12 December 2024 Kpler
Downward revisions to December supply have nearly doubled the deficit for the final month of the year, but the rest of the global crude and condensate balance has seen limited changes. The trend of persistent surpluses through the first five months of 2025 is set to weigh on crude prices.
September’s deficit has remained the same, while a narrowing surplus in October has been due to a dip in refining activity being delayed until November instead. These lower runs than previously expected, particularly in Europe and Russia, have lifted November’s surplus close to 900 kbd. As for Q4, supply has been revised lower by 440 kbd, while demand has been ratcheted down by 350 kbd. Revisions in the Middle East (Saudi Arabia, Iraq) and North America (both Canada and the US) account for most of the supply-side adjustments, while widespread downward revisions across Europe, as well as Russia and Asia, account for the weaker demand side of the picture.
As for 2025 revisions, January’s surplus has narrowed slightly, February and March are little changed, April’s surplus has widened (due to Brazilian refinery maintenance), and May's surplus has increased slightly. On the aggregate, the surplus over the first five months of next year averages 1.3 Mbd, which compares to 560 kbd in 2023 and 490 kbd in 2024. If every barrel of this surplus makes its way into inventories, then stocks would rise by 200 Mbbls over the period. In contrast to the start of the year, the latest revisions have caused the monthly deficits for June, July and August to all widen. After inventory builds are set to weigh on prices through 1H 2025, strong demand should encourage higher prices in the second half of the year.

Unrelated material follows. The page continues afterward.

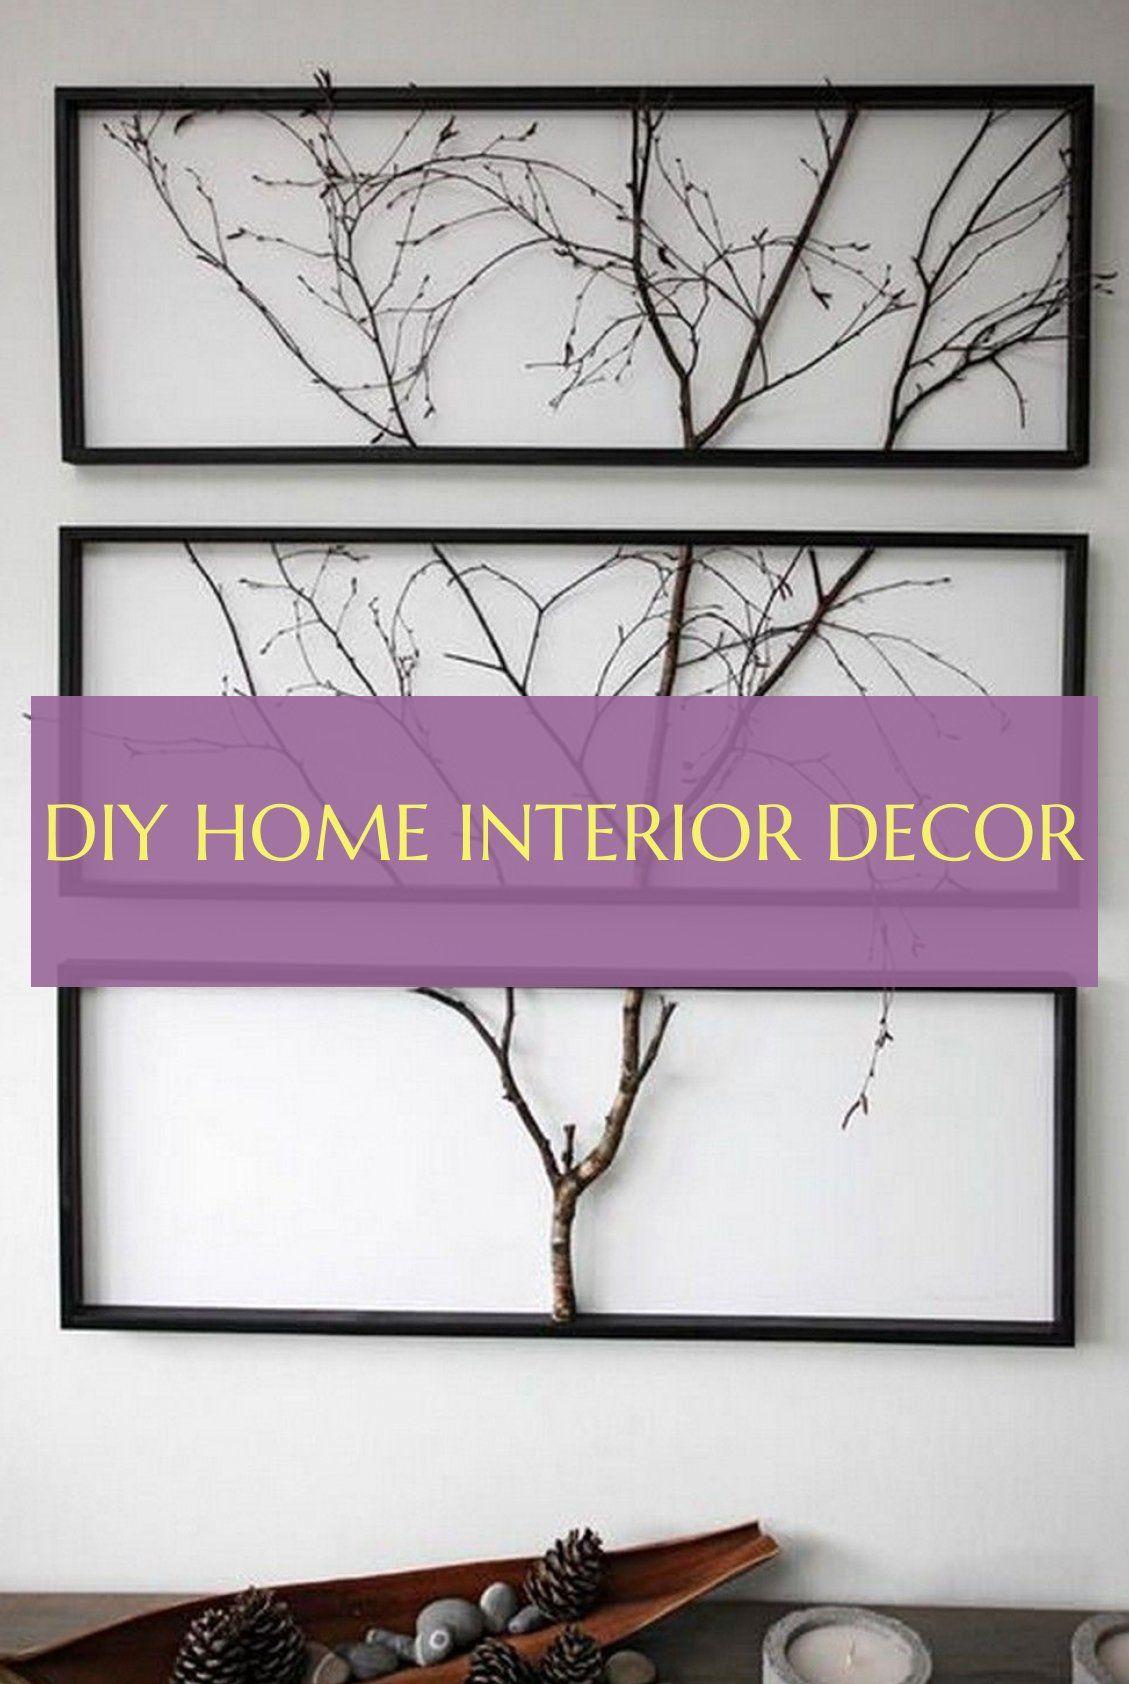 Interior Design Fai Da Te arredamento d'interni fai da te   diy home interior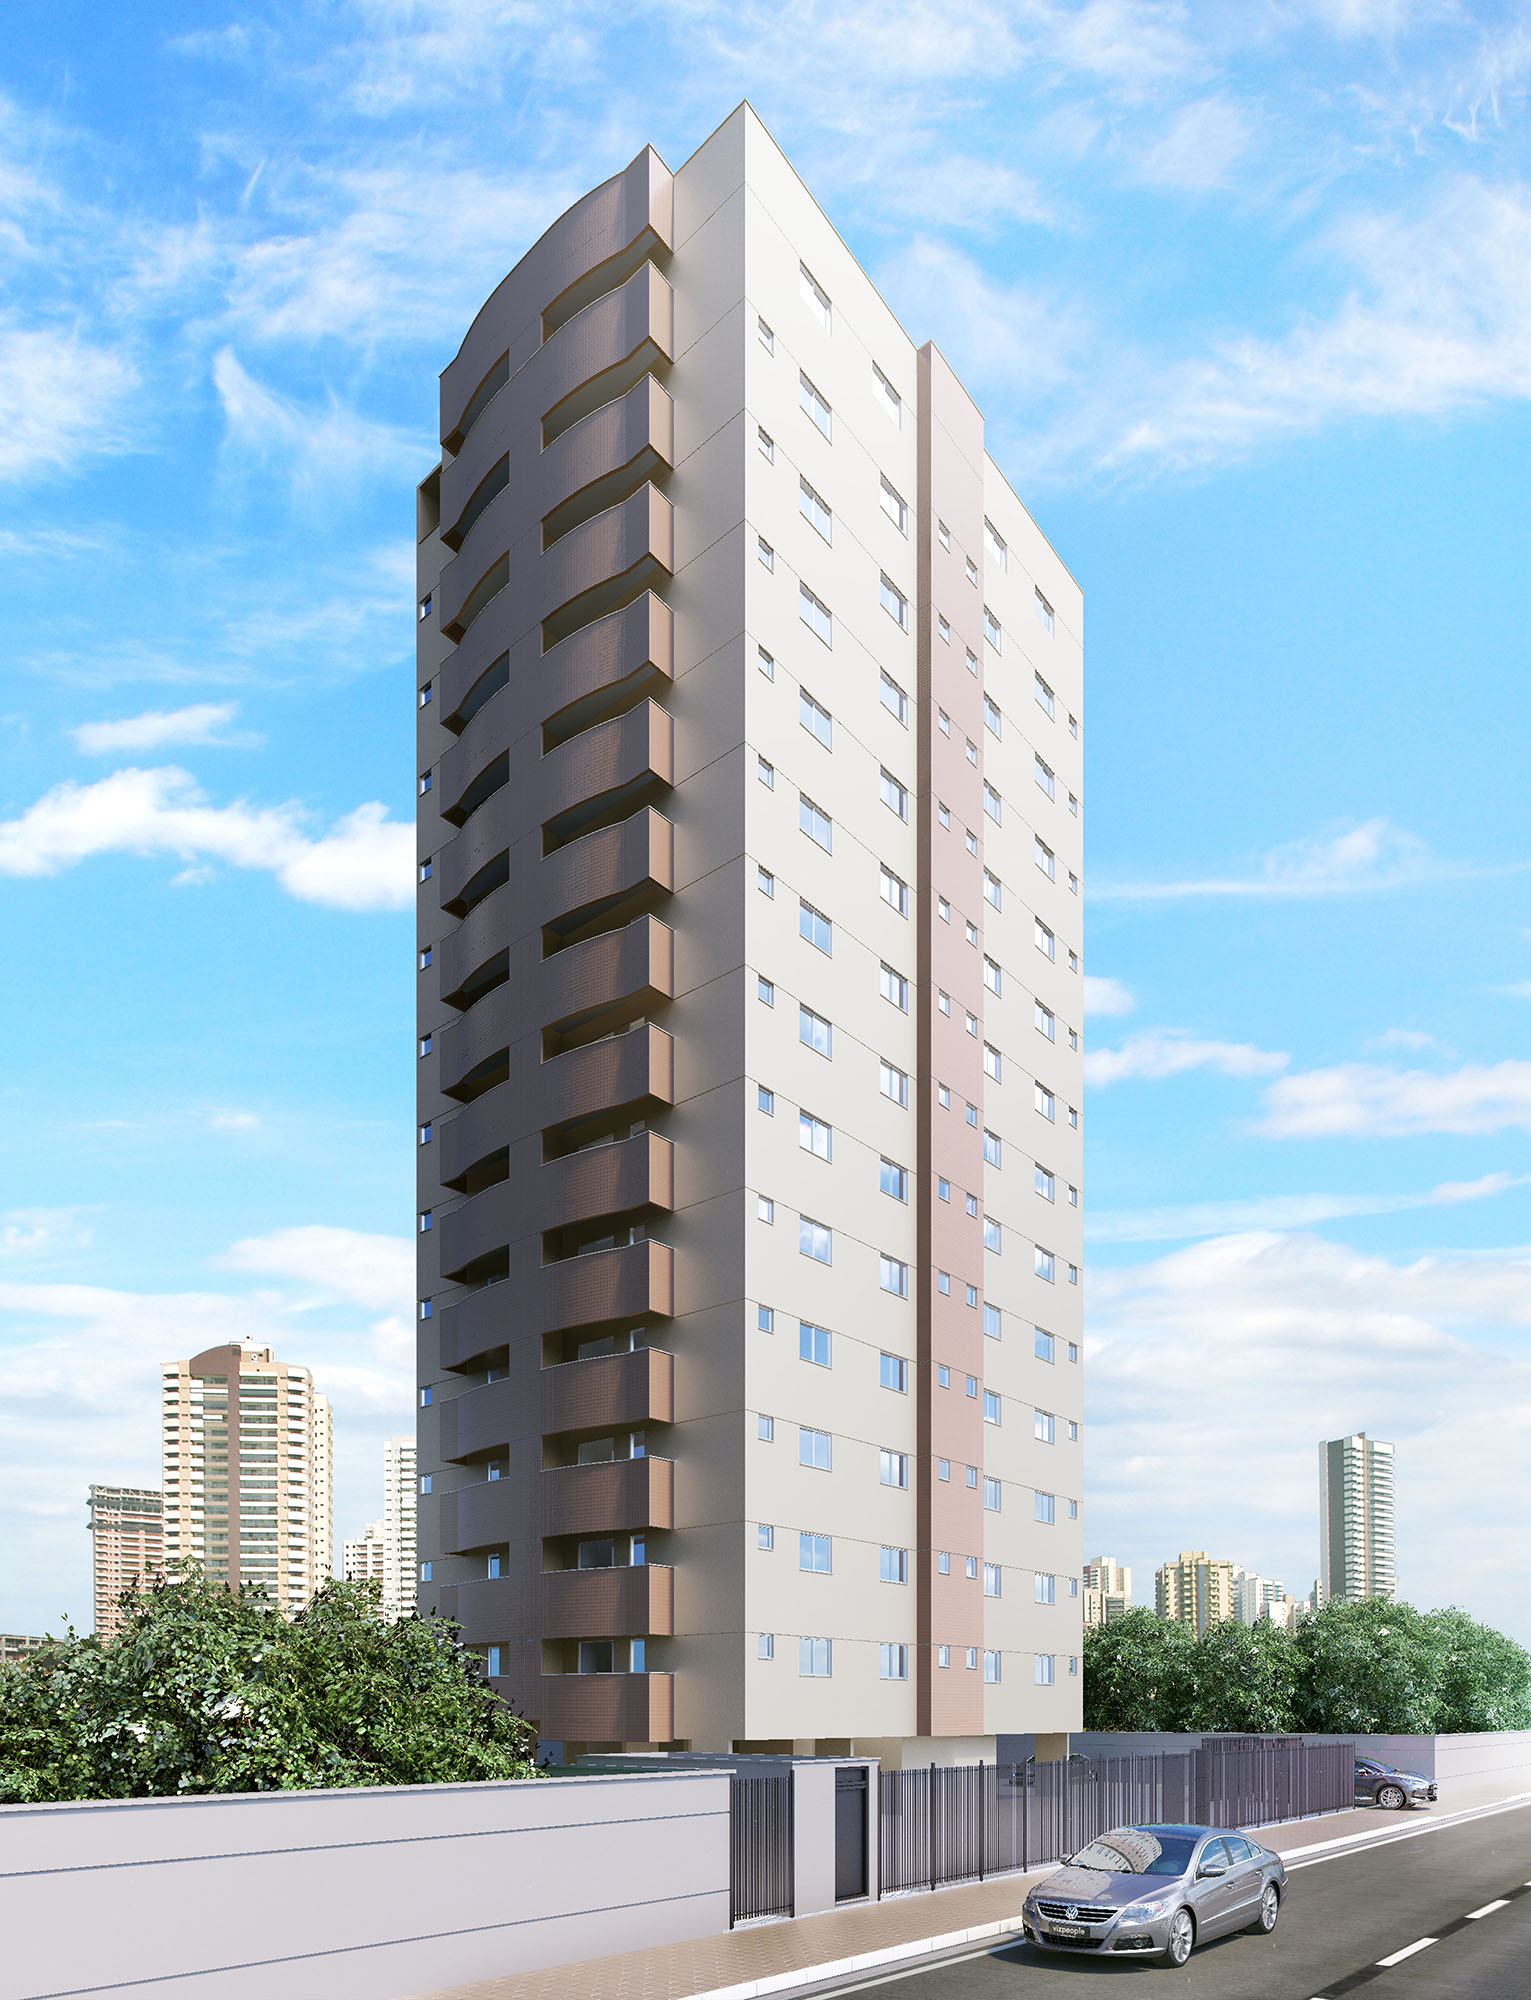 Perspectiva 3D - Edifício Residencial

Global crude and condensate balance, kbd
OPEC+ Production
OPEC+ crude output rose by nearly 400 kbd m/m in November, driven by Kazakhstan's Kashagan field resuming operations after maintenance and the commissioning of two new FPSOs in Brazil. Libya's production also rebounded to pre-September outage levels.
Meanwhile, the bloc's major producers have intensified efforts to improve compliance. Saudi Arabia's output declined, partly due to maintenance activities at the Yanbu refinery, while both Russia and Iraq brought their production closer to their respective quotas, signalling stronger adherence to the group's targets.